Asthma–COPD overlap syndrome (ACOS), defined by recent studies^16–19 as a condition that includes clinical features of both asthma and COPD, affects 5%–55% of COPD patients.²⁰ In asthma, bronchial hyperresponsiveness is related to eosinophilic airway inflammation;²¹ both Spanish and ATS criteria included blood eosinophil level as a minor criterion for ACOS.^17,19 Because previous studies of the eosinophil count in COPD did not exclude patients with ACOS,^5,12,22 we assumed that the role of the peripheral eosinophil count may have been exaggerated.

In this study, we investigated whether the peripheral eosinophil count can predict clinical outcomes in cases of moderate-to-severe AECOPD, forced expiratory volume in 1 second (FEV₁) changes per year, and response to ICS/long-acting beta agonist (LABA) in patients with non-ACOS COPD.

Patients and methods

Patients and study design

The Korean COPD Subtype Study (KOCOSS) is an ongoing, prospective, observational COPD cohort study investigating the epidemiological characteristics and subtypes of COPD. Nationwide, 28 hospitals are participating in South Korea (NCT02800499); a more detailed description of the cohort is available elsewhere.²³ Briefly, patients were eligible if they were aged >40 years, had post-bronchodilator FEV₁/forced vital capacity <0.7, and had smoked >10 years. Final data were assessed on June 28, 2016.

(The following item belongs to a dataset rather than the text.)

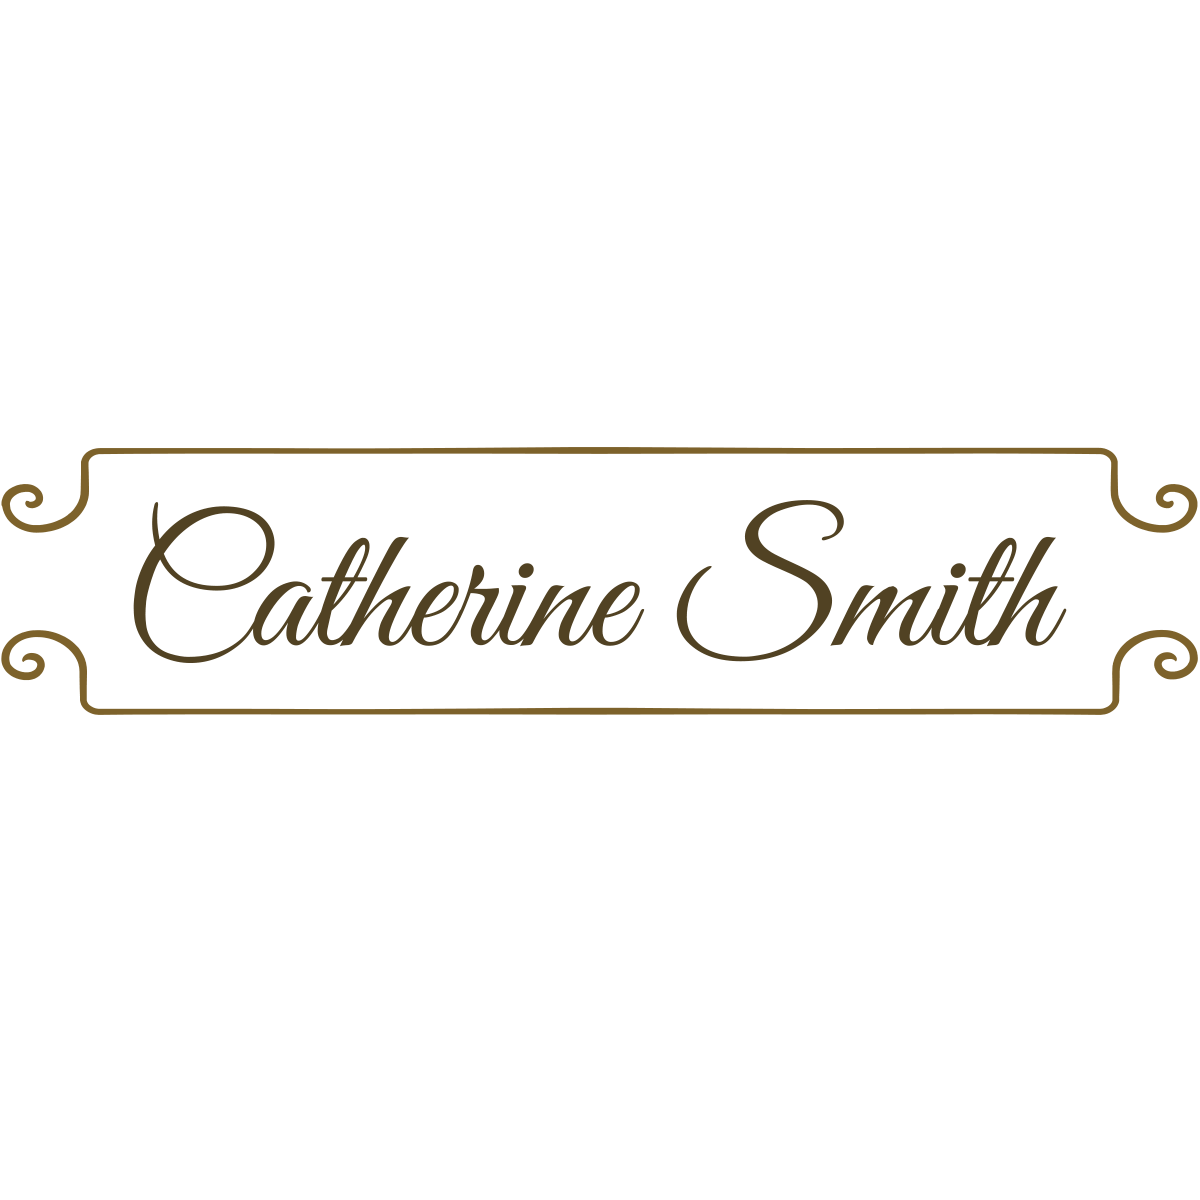 Catherine Smith logo

ACOS was defined according to Spanish criteria¹⁹ as follows: 1) previously treated or diagnosed with asthma; 2) strongly positive bronchodilator response: FEV₁ increase >15% and 400 mL compared with pre-bronchodilator values; 3) previous history of atopy, allergic rhinitis, or atopic dermatitis; 4) blood eosinophil percentage >5%; and 5) a positive bronchodilator response: 12% and a 200-mL increase in FEV₁. In this analysis, criterion (5) was defined for a single visit because KOCOSS data were collected at the annual visit. A diagnosis of ACOS required meeting at least one major or two minor criteria.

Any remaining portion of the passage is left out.